Paid search marketing and SEO are often seen as rivals, but according to the journal, the relationship is more strategic than competitive. The study explains why SEO firms can still survive even when search engines control both rankings and advertising.
The researchers highlight that search engine quality, advertiser behavior, and platform strategy all shape the balance between organic search and sponsored search. In other words, the market is not just about ads versus optimization, but about how search engines organize both.
SEO and Paid Search
Two channels, one platform
The journal presents search engine marketing as a space where paid search marketing and SEO work side by side. Google’s sponsored ads and organic results are used as a real example of this coexistence.

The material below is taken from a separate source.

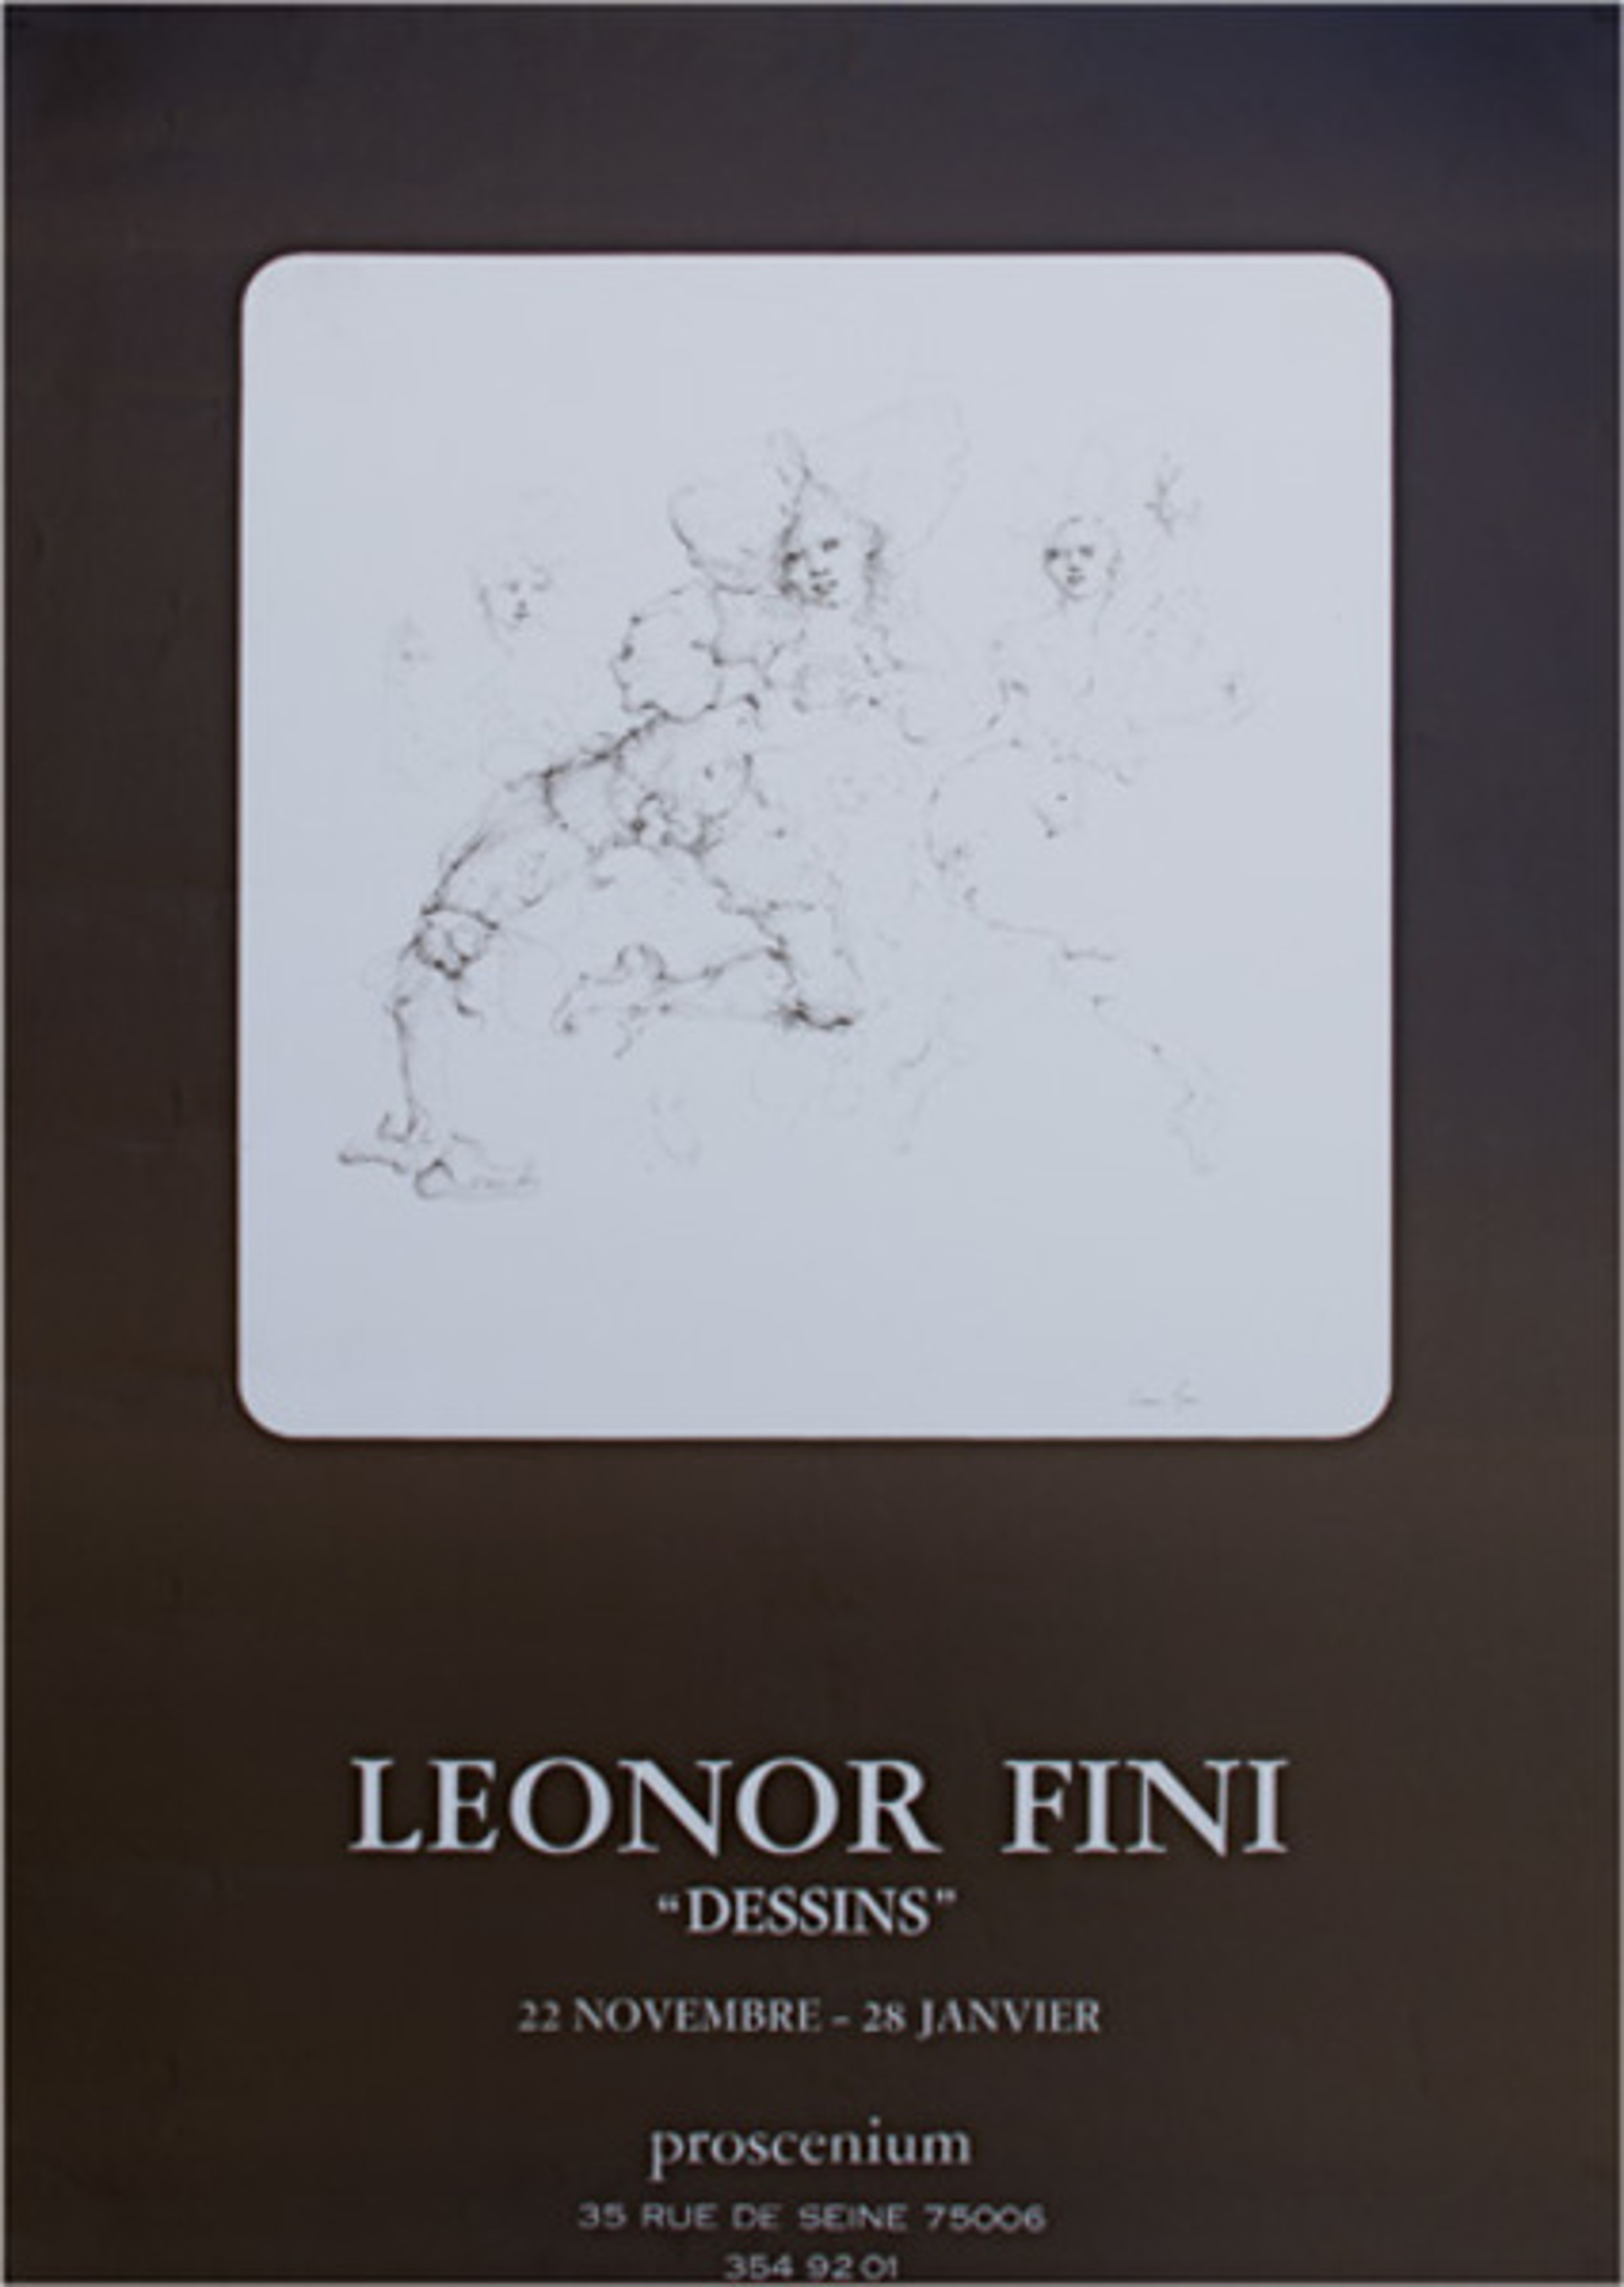 Leonor Fini "Dessins" by Leonor Fini

That makes the topic useful for readers trying to understand SEO vs paid search without treating them as complete opposites. The study suggests that both channels can remain relevant because search engines may benefit from keeping them in balance.
Main research question
Why do SEO firms survive?
The main research question is why SEO firms continue to exist in a market shaped by search engines. The authors study this because search engines can control paid advertising and influence algorithmic rankings, yet SEO firms still remain active.
According to the journal, survival depends on several market conditions, especially search engine effectiveness, search engine robustness, and advertisers’ willingness to pay. That is the central idea readers should keep in mind.
Method and framework
Analytical game theory model
The study uses analytical game theory models based on search engine quality. It then extends the baseline model to test whether the conclusion still holds under AI adoption, mobile search, search engine competition, advertiser competition, and interactions between effectiveness and robustness.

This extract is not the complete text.